PD: Die Identifikationsfigur ist eindeutig Captain Phillips. Dafür fand ich die Darstellung von Muse im Vergleich zu Phillips überraschend ausgewogen.

YP: Weil du es weiter oben bereits angeschnitten hast: Verherrlichung der Supermacht USA fand sich im Film nicht wirklich wieder. Mir gefiel die Einführung der Navy Seals nicht, aber schlussendlich haben sie nur ihren Job gemacht und das Militär ist nun mal kein Kinderspielplatz. Das ist ein Ort, wo Gehorsam über allem thront.

PD: Ganz genau. Sieht man vor allem wenn es um die Befehlsgewalt geht. Der Kommandant des ersten Schiffes hat nichts erreicht, also übernimmt nun ein anderer das Kommando. Punkt.

YP: Wir haben schon so viele verherrlichende USA-Filme gesehen, dass es einem als komisch erscheint, wenn ein Film beide Perspektiven liefert, oder nur eine. Erinnere dich mal an Clint Eastwoods „Flags from our Fathers/Letters From Iwo Jima“. Das war neu.

PD: Bereits zu Beginn von „Flags from our Fathers“ wird ein Soldat, der vom Schiff fällt, zurück gelassen. Die Helden von Iwo Jima versinken in der Propaganda. Es gibt für die Soldaten kein Happy End. Ihr einziger Glücksmoment ist das Hissen der Flagge. Danach: Alkoholismus, Anonymität, Ziellosigkeit.

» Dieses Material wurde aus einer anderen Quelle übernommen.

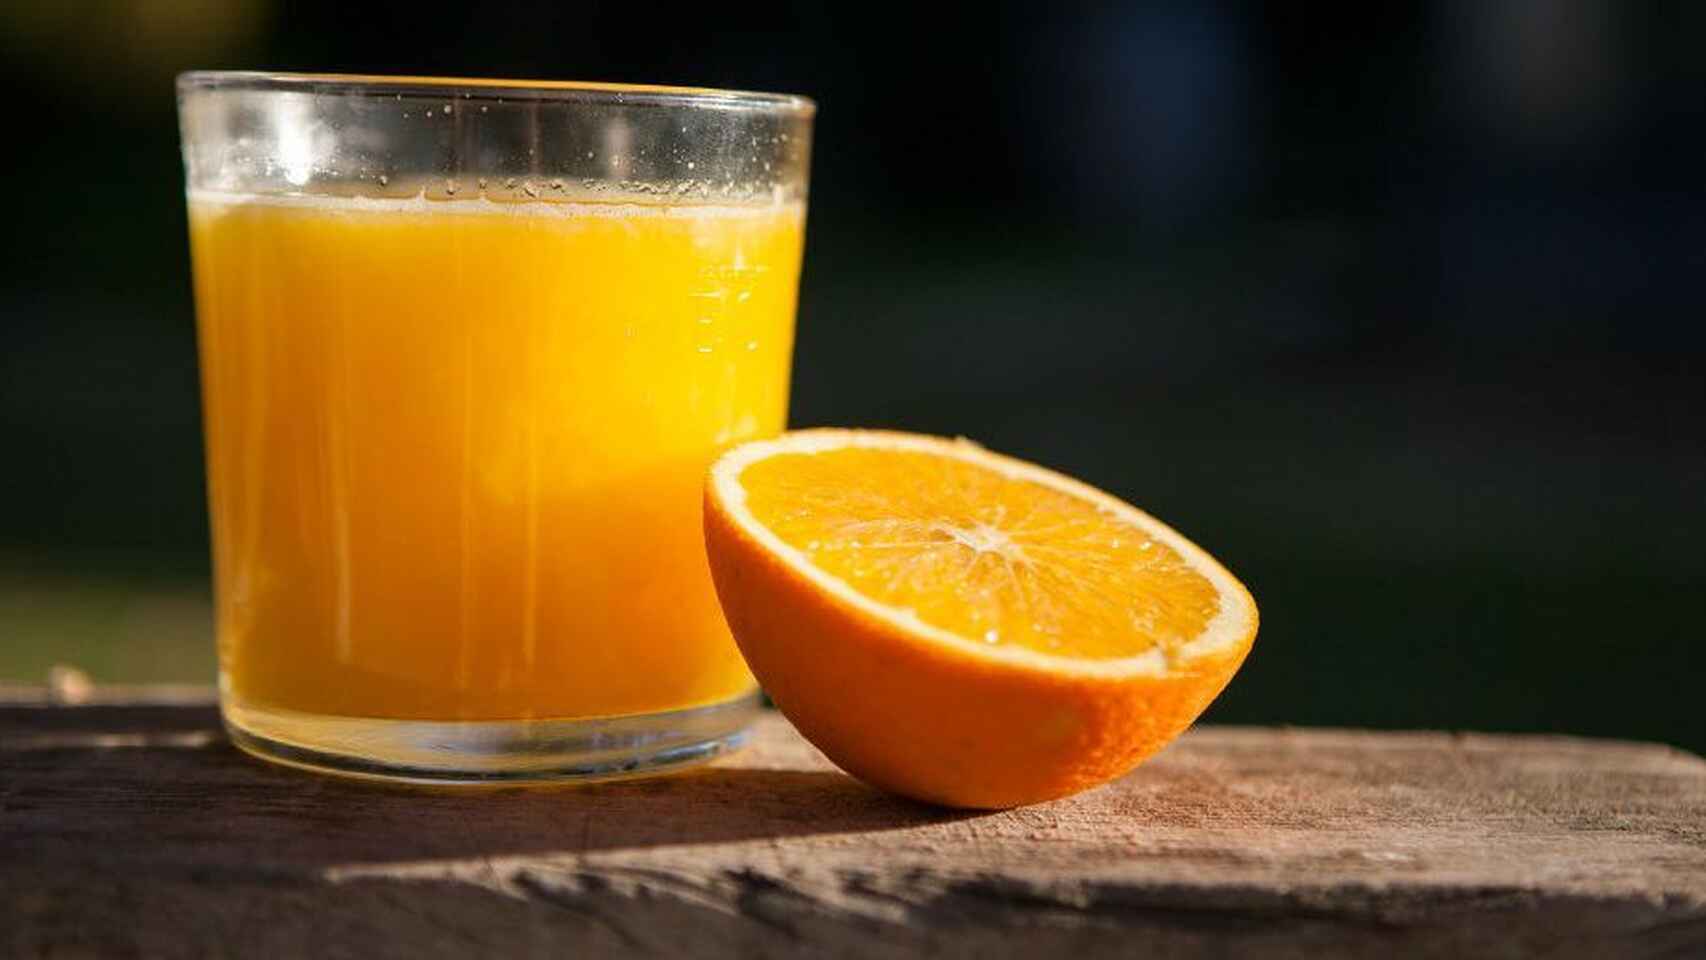 Un zumo de naranja recién exprimido.

YP: Um noch einmal auf Rich und seinen Widersacher Muse zu sprechen zu kommen: In einem Interview mit Greengrass, Hanks und Abdi meinte Greengrass, Hanks und Abdi haben sich erstmals am Set getroffen.

PD: Abdi hatte zuvor ja gar keine Schauspielerfahrung.

YP: Hast du gewusst, dass Ron Howard für „Captain Phillips“ im Gespräch war und Greengrass für „Rush“. Da bin ich froh, dass es anders gekommen ist.

PD: Das ist mal ein lustiges Gedankenexperiment. Nix gegen Ron Howard, aber man hat ja schon oft genug gesehen, dass er ein kompetenter Filmemacher und Rekonstrukteur ist aber da wäre sein „Captain Phillips“ wohl sehr zach geworden. Greengrass würde ich „Rush“ aber ohne Probleme zutrauen. Auch wenn Peter Morgan in der Vergangenheit mit Ron Howard gut zusammen gearbeitet hat – siehe „Frost/Nixon“.

YP: So wie du würde ich Greengrass Vieles zutrauen, Howard nicht. Wobei ich mit dem Endergebnis von „Rush“ sehr zufrieden bin.

PD: Ja, „Rush“ hat seine Fehler aber ist äußerst gelungen. Mal schauen wie nächste Woche „Catching Fire“ wird. Ein Film wo es beinahe egal ist, wer Regie führt.

YP: „Rush“ ist Unterhaltungskino. „Catching Fire“ ist bahnbrechend. Und wo es nicht egal ist, wer die Hauptrolle spielt.

PD: Ein Thema für nächste Woche. Denn da habe ich ja auch andere Ansichten.